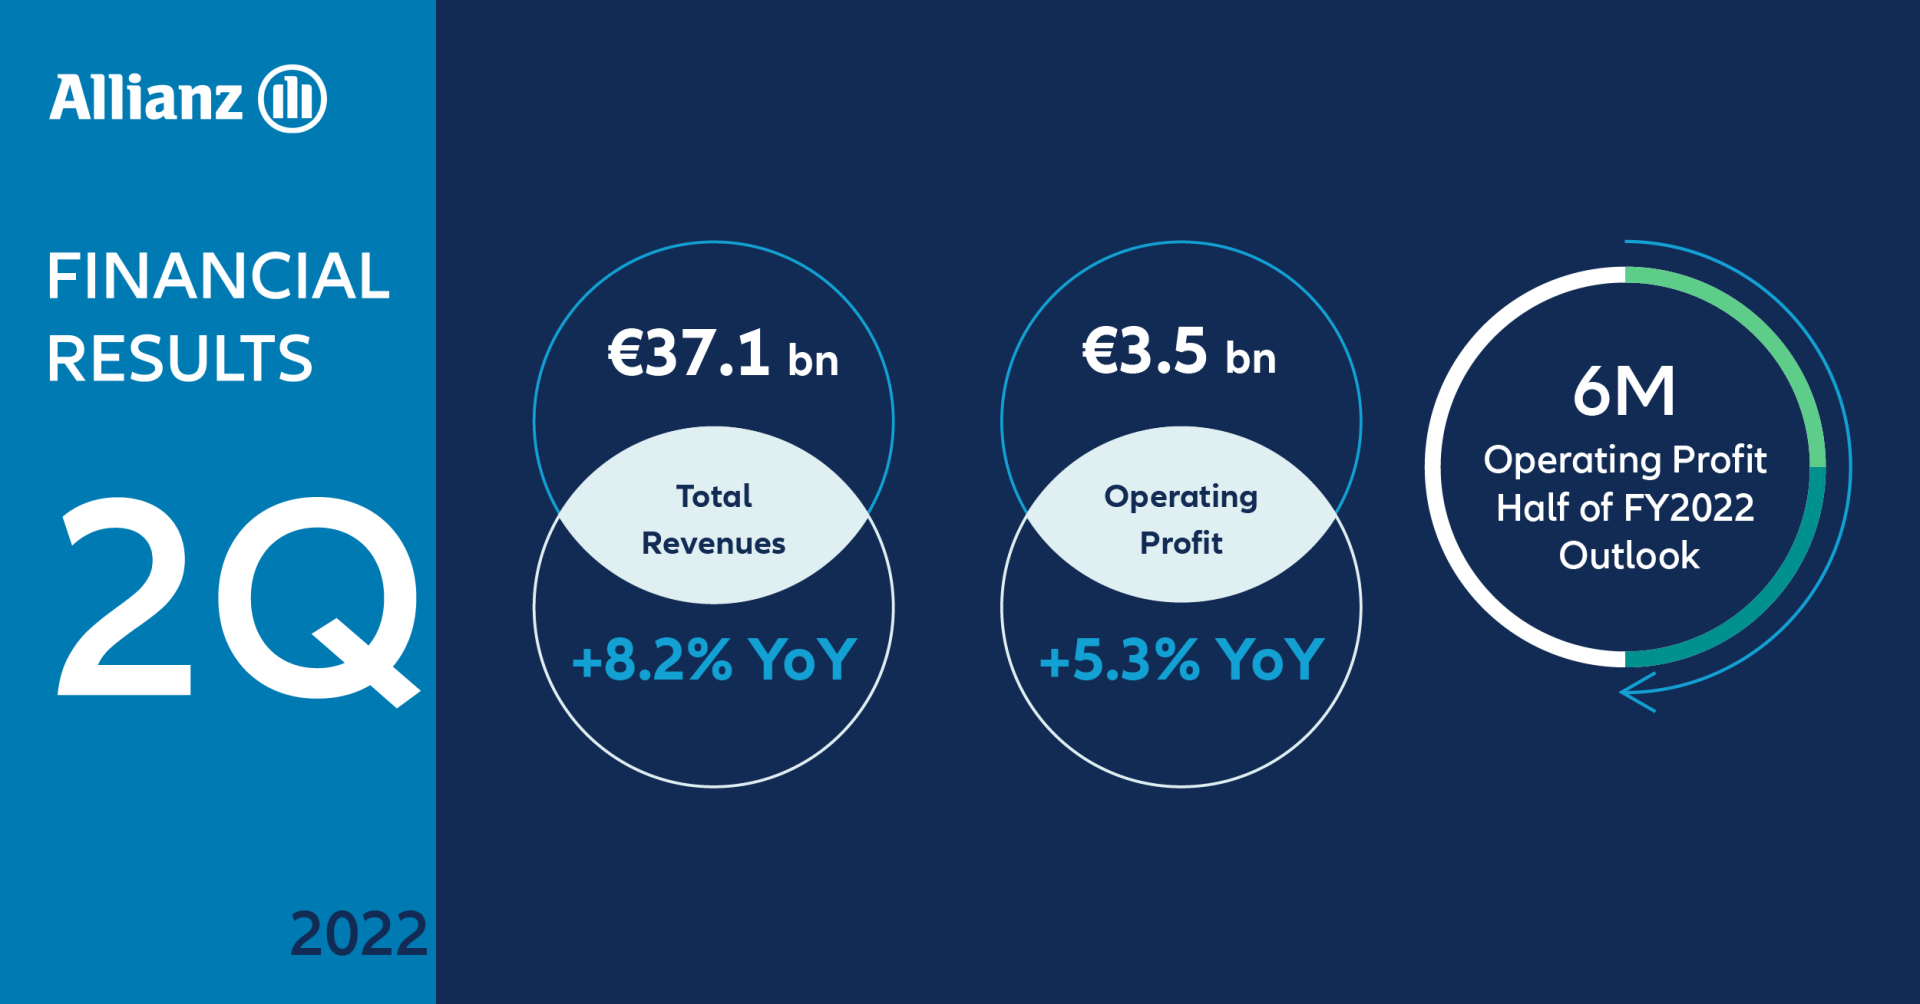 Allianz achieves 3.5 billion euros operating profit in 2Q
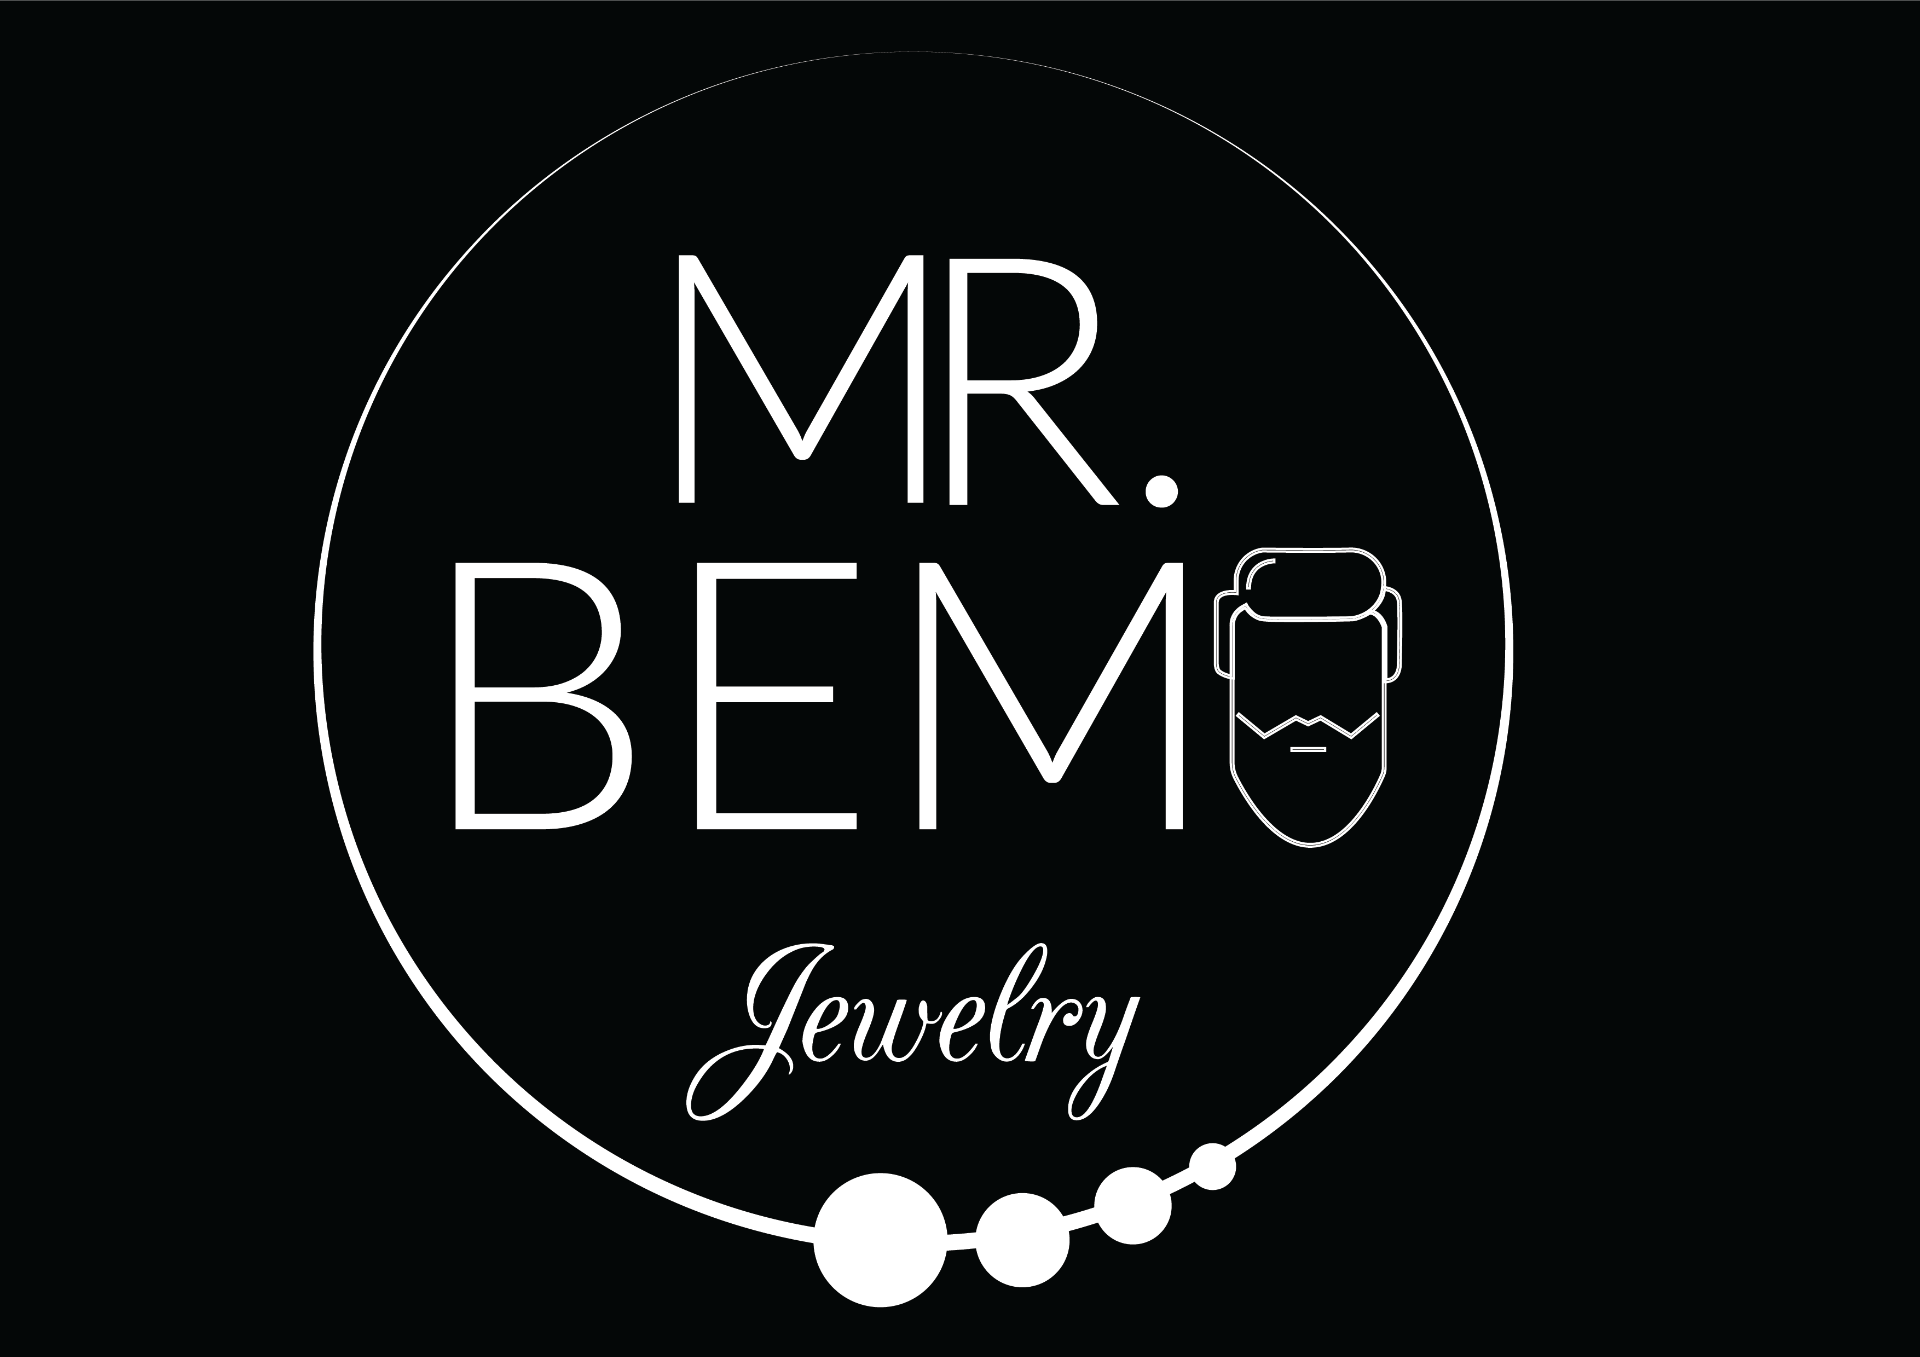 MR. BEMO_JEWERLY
———
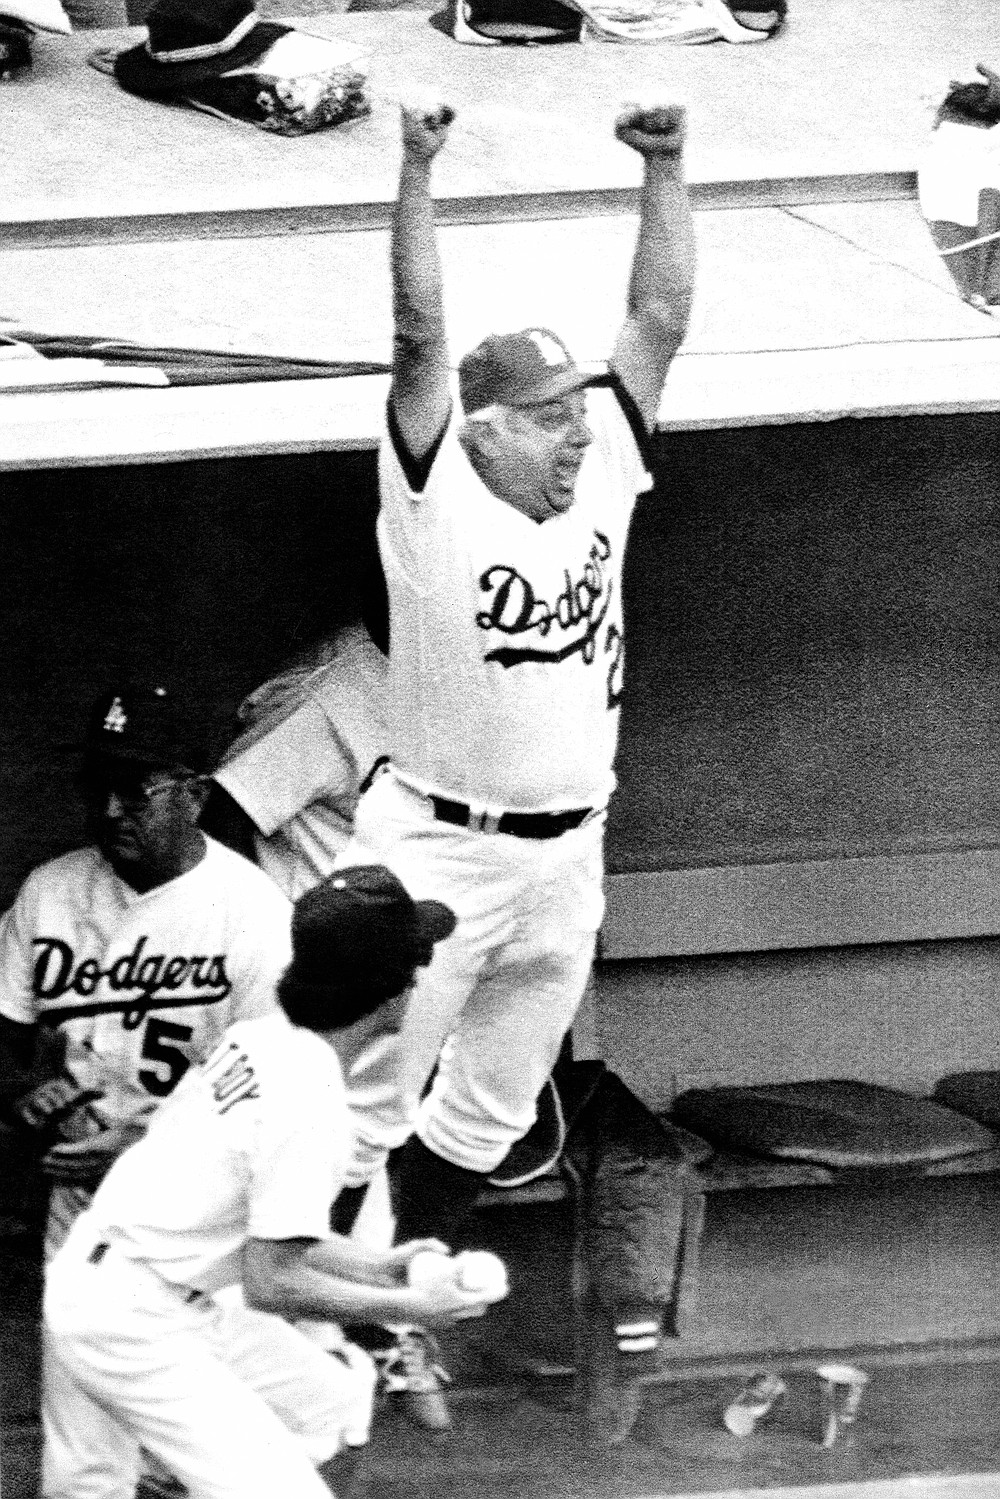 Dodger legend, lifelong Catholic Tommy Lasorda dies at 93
———
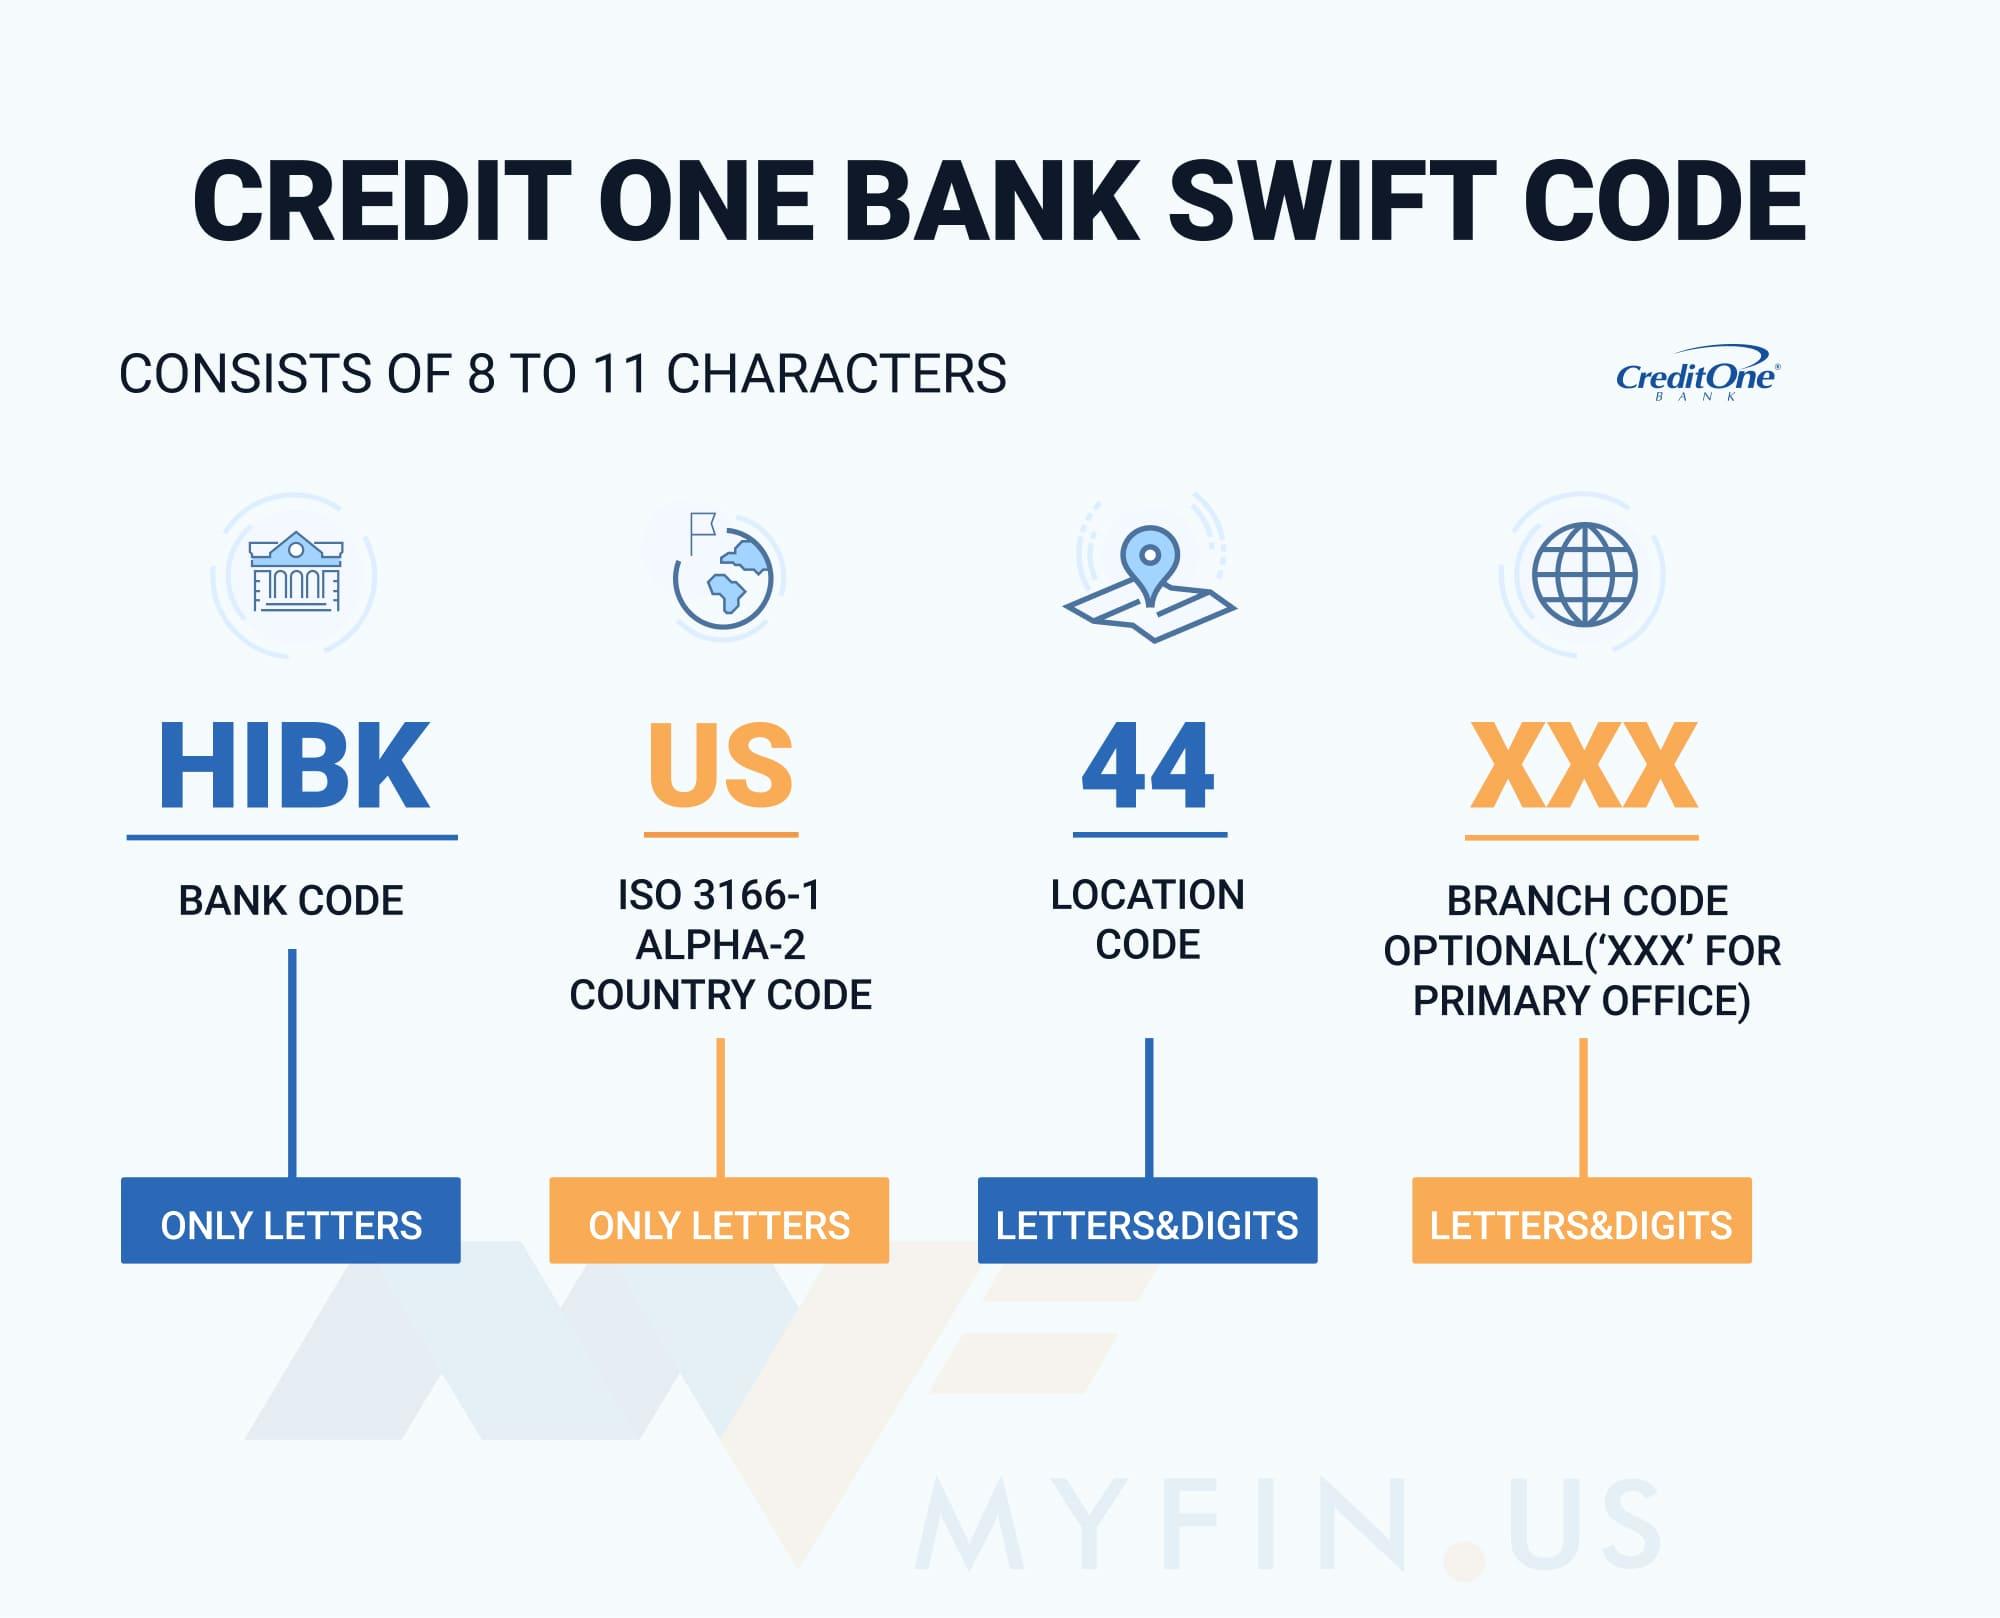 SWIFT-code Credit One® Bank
———
▶ Description of the task:
Repeat, word for word, the lines of the material above from the one holding "Allianz achieves 3.5" through the one holding "MR. BEMO_JEWERLY". Leave out pictures.

▶ Task output:
 Allianz achieves 3.5 billion euros operating profit in 2Q
 MR. BEMO_JEWERLY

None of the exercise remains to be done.